While I was alarmed by dry, cracked soil within my raised beds, I know that sweat, digger and andrenid bees all nest underground in compacted soils or within leaf litter, hence the latter’s value as garden mulch. Messy is okay. And since wildlife in general uses dead wood for habitat, we have a wonderful excuse for leaving some plants less pruned than we might otherwise.
A lone, luminescent blue dragonfly erratically sliced the air jetting here and there. I hoped that it, along with the large swarms we saw in June skies, were helping by snatching mosquitoes.
Earlier in the week, I noticed smaller pollinators dipping into the container of water I had put out and wondered if it was also visited by the dragonfly. Thereafter, additional water bowls were added throughout the yard to encourage and support this need of pollinators.
With flowers front yard to back, hummingbirds were sipping nectar from orange flowering zauschneria, lingering red pineleaf penstemon and five different cultivars of agastache. Seeing these tiny, high energy birds also take time to rest upon tree branches remind me to rest between dips into life’s sweet nectar.

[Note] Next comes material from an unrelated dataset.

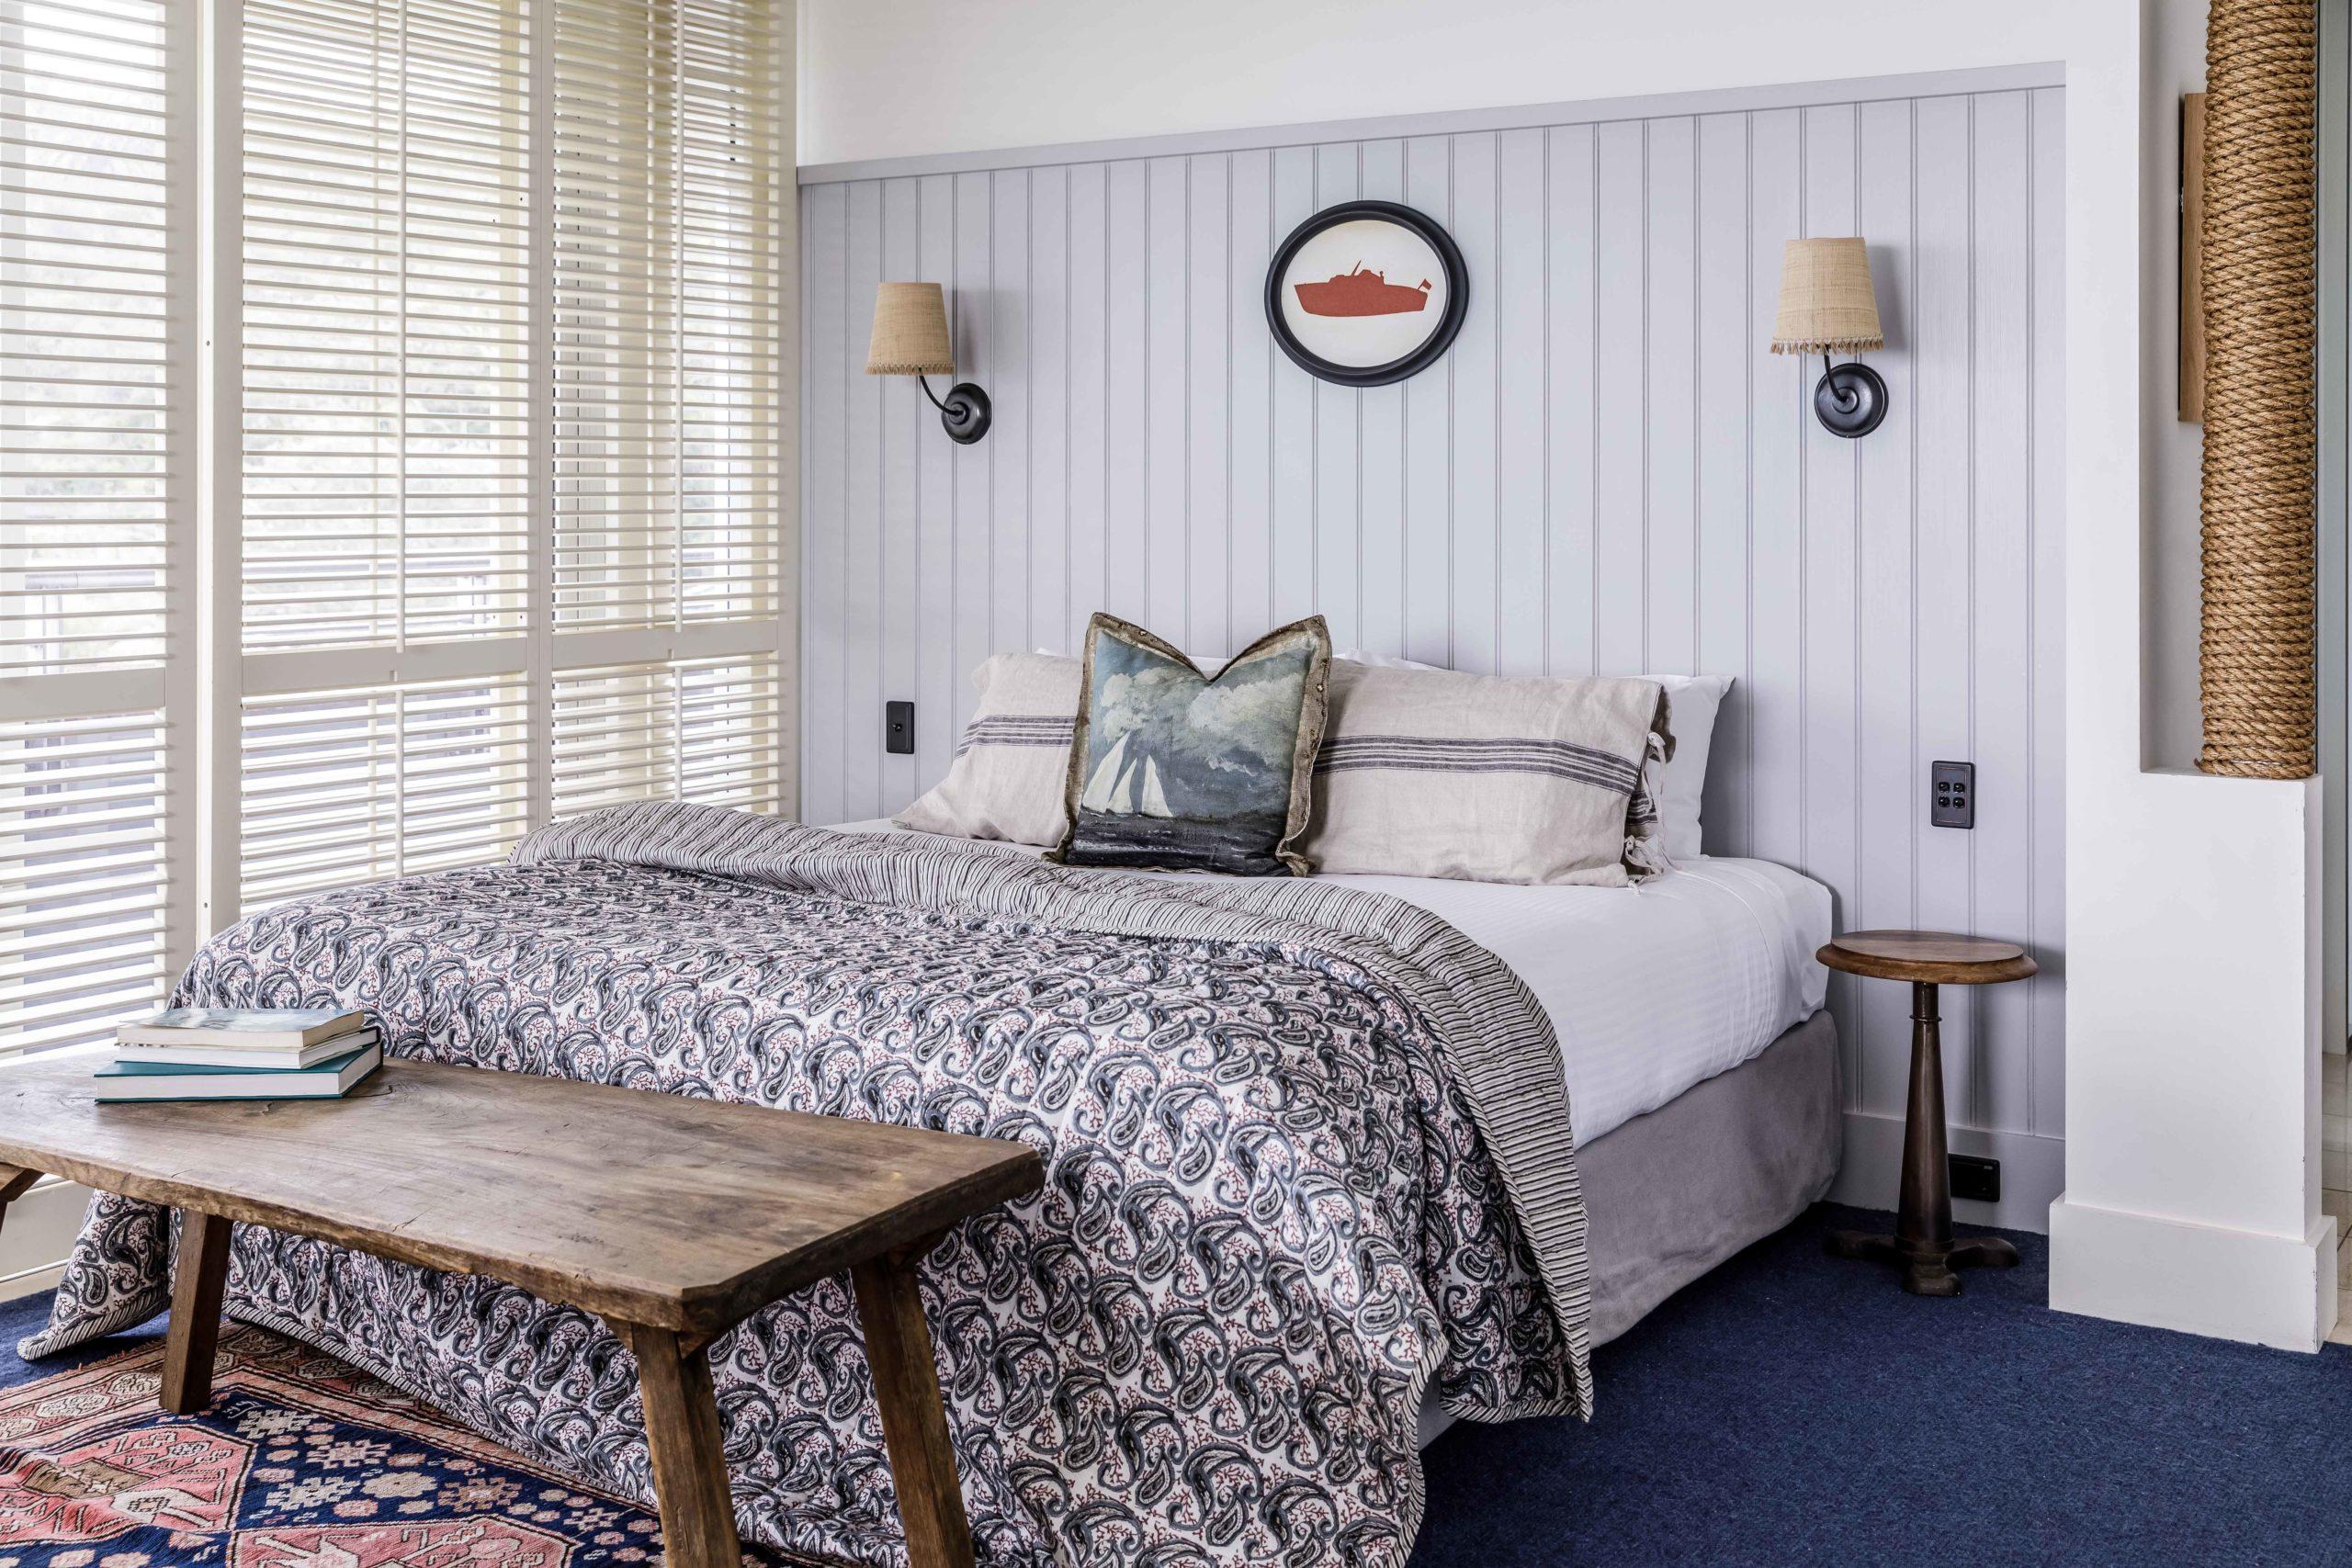 20181220_Watsons Bay Hotel_210_Low 5

Although past their prime, I refrained from pulling sunflowers and orach, AKA Russian spinach from the vegetable garden when I noted birds gathering seeds from the spent plants. The winged ones would then dart to shrubs and small sized trees for safety and to perhaps plan their next swoop downward for food and nourishment. Bluejays took cover in the neighbor’s large, old apple tree. This all spoke to the importance of having a diverse, multi-layered assortment of plants in the landscape for wildlife.
As daylight diminishes, I feel an urgency to spend as much time outside as possible. The evening garden features trumpet shaped blooms of evening primrose and desert four o’clock with hummingbird-like sphinx moths visiting morning glory and honeysuckle vine flowers.
Derry MacBride of the Garden Club of America expresses it well “A garden is only as rich and beautiful as the integral health of the system; pollinators are essential to the system – make your home their home”.